Obito gave a short, dismissive laugh. "Spare me the theatrics. You dragged me here. What's the point? You think showing me Rin's name will break me? You know who I am?"
"I do." Yun said plainly. "But that's not important. You're not here for confrontation. This space prohibits it. You can't touch me. Not by physical means, nor ninjutsu, nor space-time manipulation."
Obito's chakra flared momentarily—testing the claim—and quickly dissipated, restrained by the invisible cage around him.
"So what do you want?" he asked.
"I'm an information broker. You're here for a trade. Knowledge, for a price. That's all."
Obito scoffed. "And you presume I care? This world is meaningless to me. What truth could possibly change that?"

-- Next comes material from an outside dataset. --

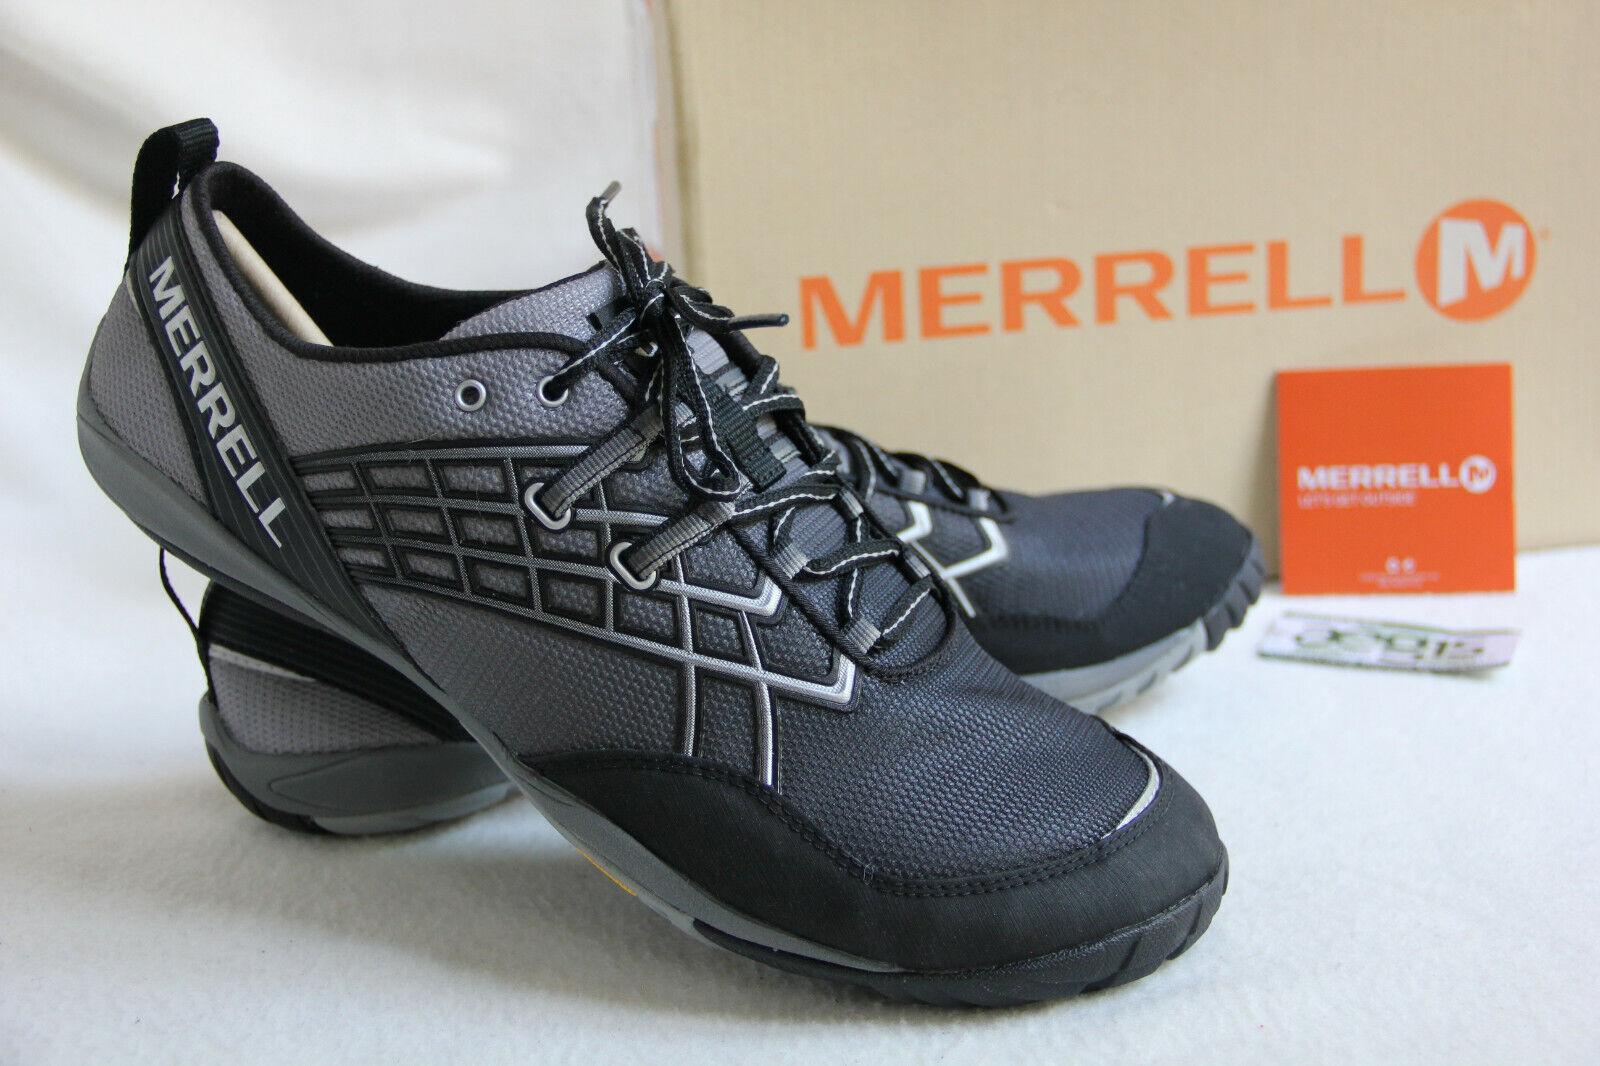 Merell Trail Glove, Trail Laufschuhe, Barfuß Schuhe, Barefoot, Gr. 46
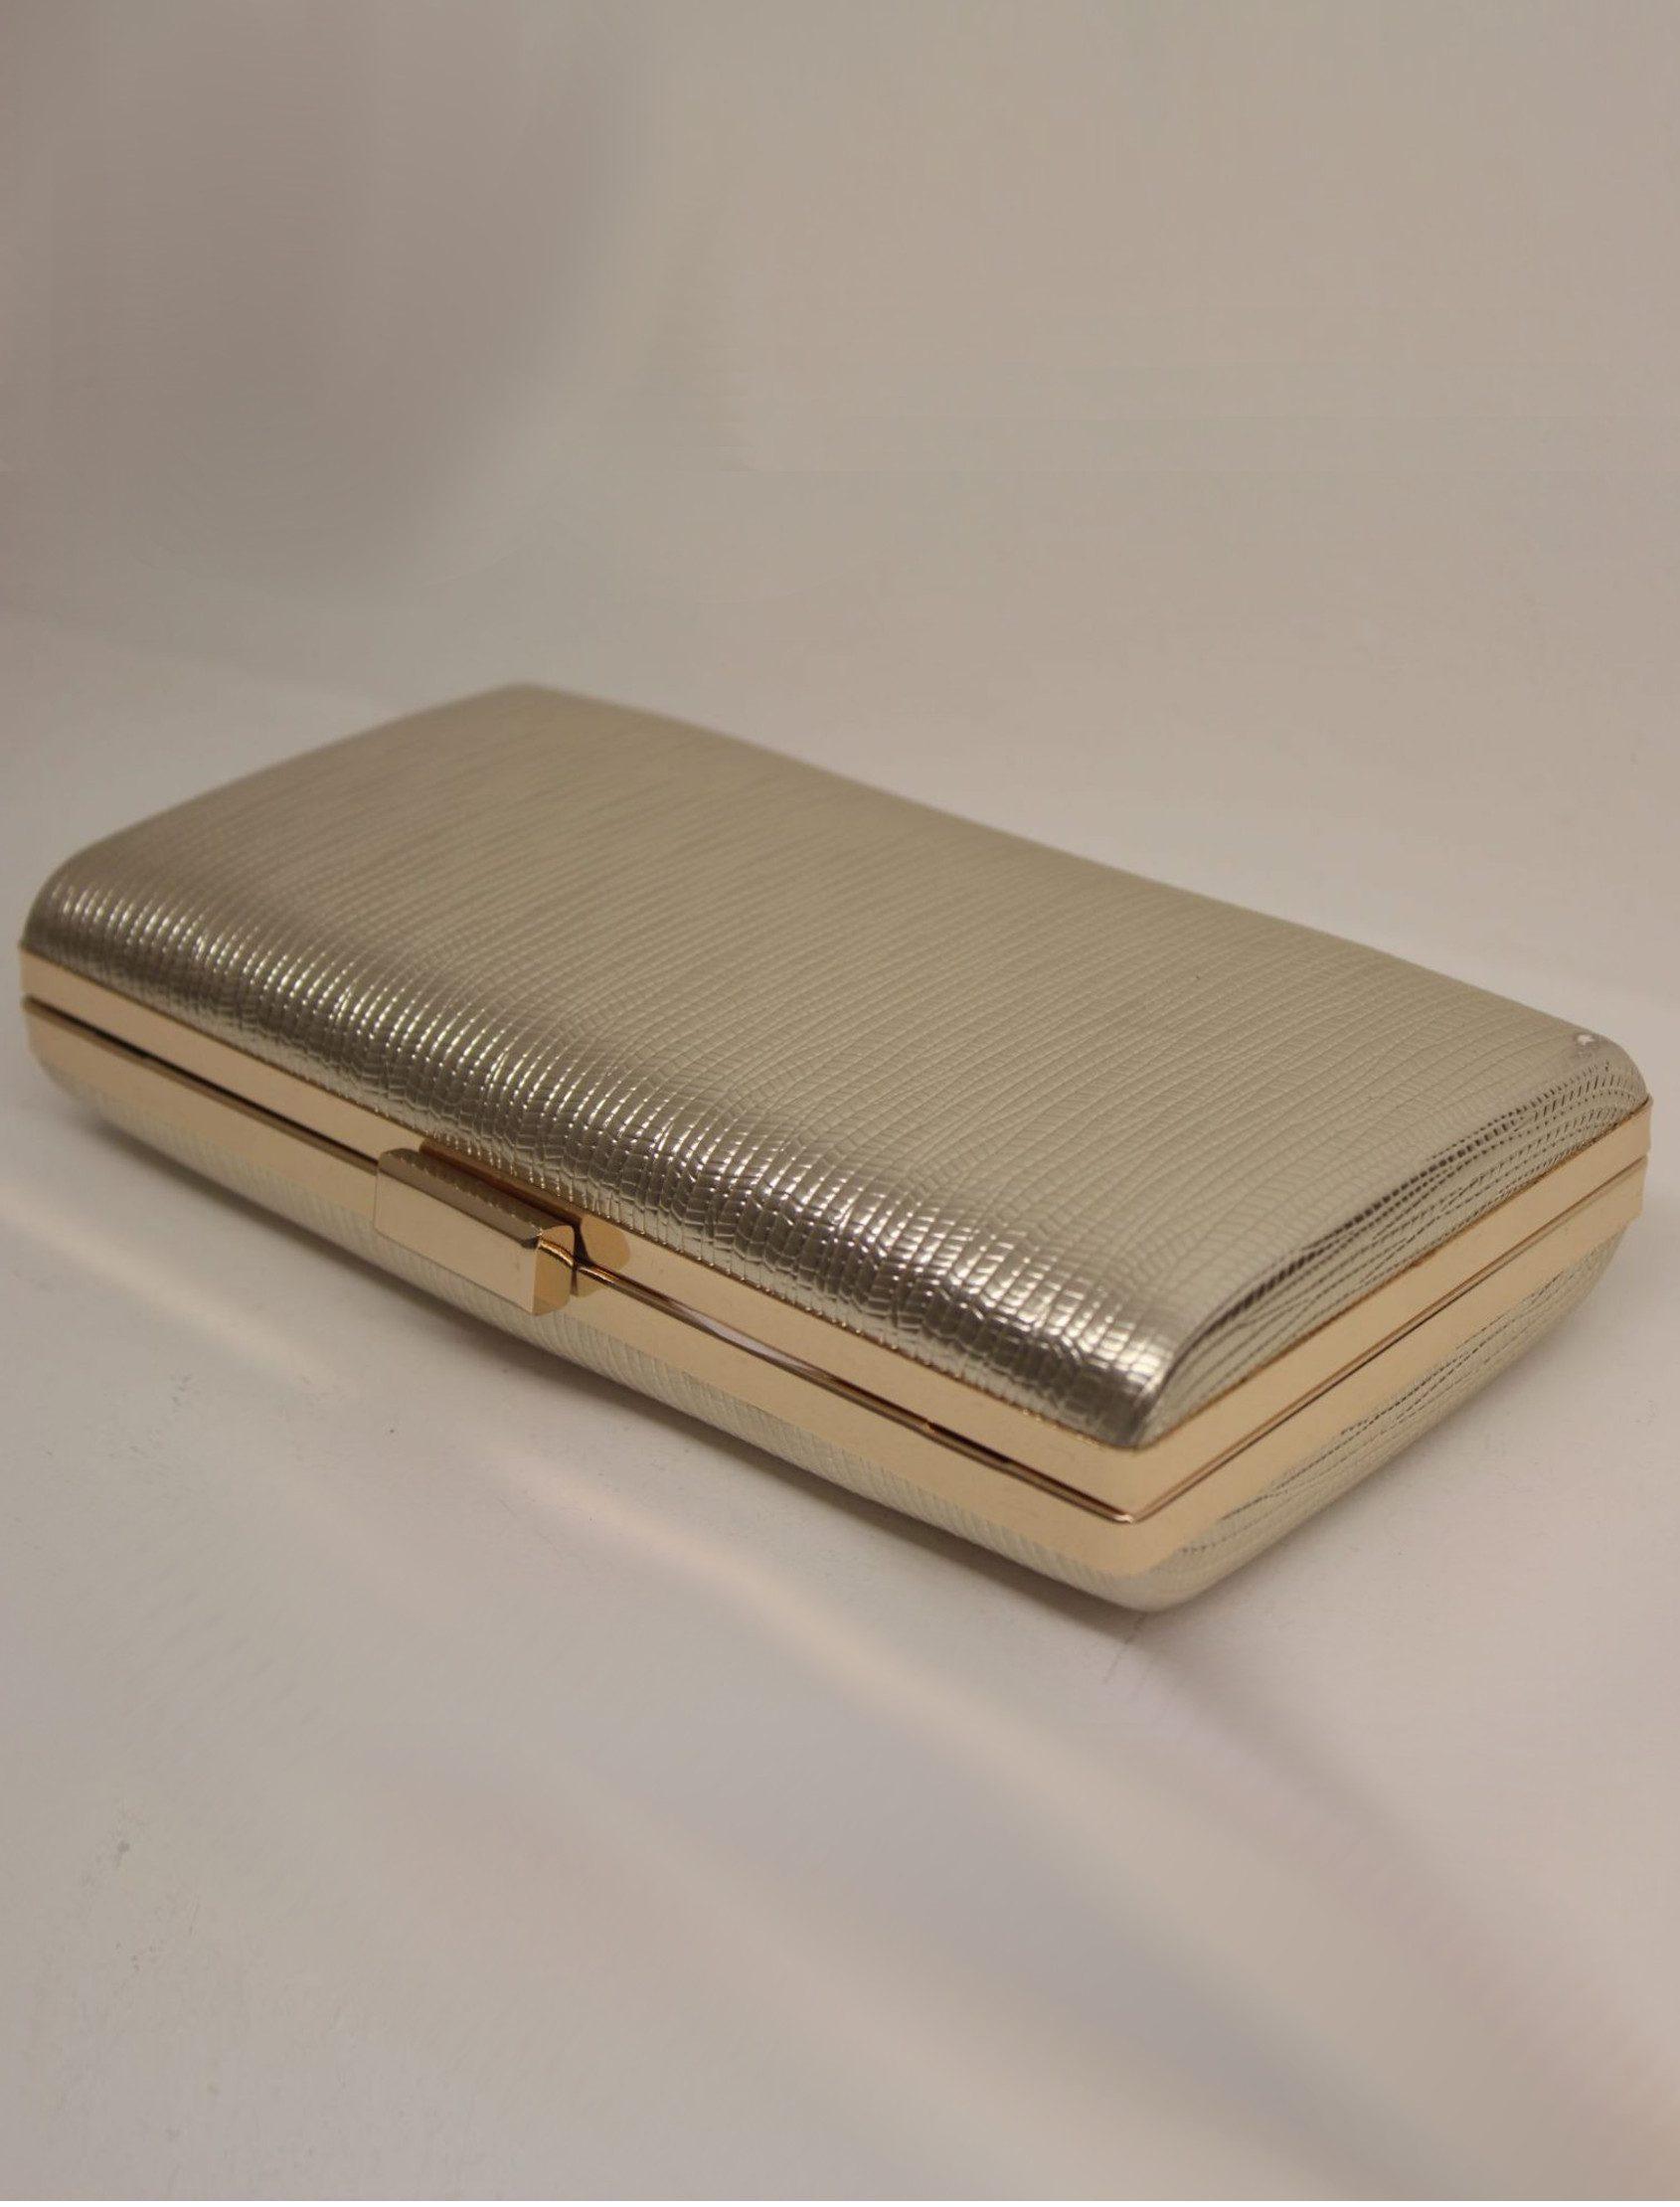 Clutch de mano en color oro claro mate. El material tiene un grabado tipo réptil. Es de tamaño medio y lleva una cadena del mismo tono oro.

"You haven't asked the right question yet." Yun replied, turning his gaze back to the memorial. "Don't you want to know who was truly responsible for Nohara Rin's death?"
Obito's sneer twisted into a scowl. "I already know. Kirigakure captured her. Implanted the Three-Tails. She asked Kakashi to end her. That's the whole story."
Yun looked at him directly. "You're wrong. What you saw was only the surface."
Suddenly, the clouds above them shifted, forming words in the sky.
[Truth]
The meaning settled like a weight across Obito's shoulders.
"…Truth?"
He looked back at the memorial.
Could there really have been another layer to that day?
Yun took a step forward. "One chip. That's all it takes. I'll give you the name of the one who orchestrated the entire scenario. Not Kirigakure. Not just chance. A deliberate manipulation."
But Obito didn't flinch. He let out a short laugh.
"I don't need your trade. I'll find the truth myself."
Yun's brow furrowed slightly. That... wasn't in the script.
This whole setting—the memorial, the image of Rin, the emotional anchor—was designed to provoke a transaction. But Obito was more composed than expected.
More dangerous.
"Years have passed since the Battle of Kannabi Bridge." Yun said slowly. "If you could uncover the truth, you would have done so already. Instead, you manipulated Yagura and turned Kirigakure into a slaughterhouse. That doesn't sound like patience. It sounds like desperation."
Obito smiled faintly beneath the mask. "You think I've been blind? You're wrong."
He touched his left eye—still hidden behind the mask.
"For reasons I don't need to explain, I've recently gained clarity. The kind you can't provide. But you did give me something today… a point. And from that point, I will draw the entire picture."
Yun's heart tightened slightly.
That wasn't just rhetoric.
It was a warning.
Whatever this ability was, it hadn't existed before. Yun had never encountered it in his predictions or simulations. And if it was tied to the left eye…
Something had changed.
"Then let me ask you one thing." Yun said quietly. "About the Project Tsuki no Me of yours. Are you sure you understand its purpose? Do you truly believe in it? Or are you just following the pain?"
Obito remained silent.
Yun added, almost as a whisper, "You… can't even commit suicide, can you?"
Obito flinched.
Just a little.
But it was enough.
In this space, even silence revealed the truth.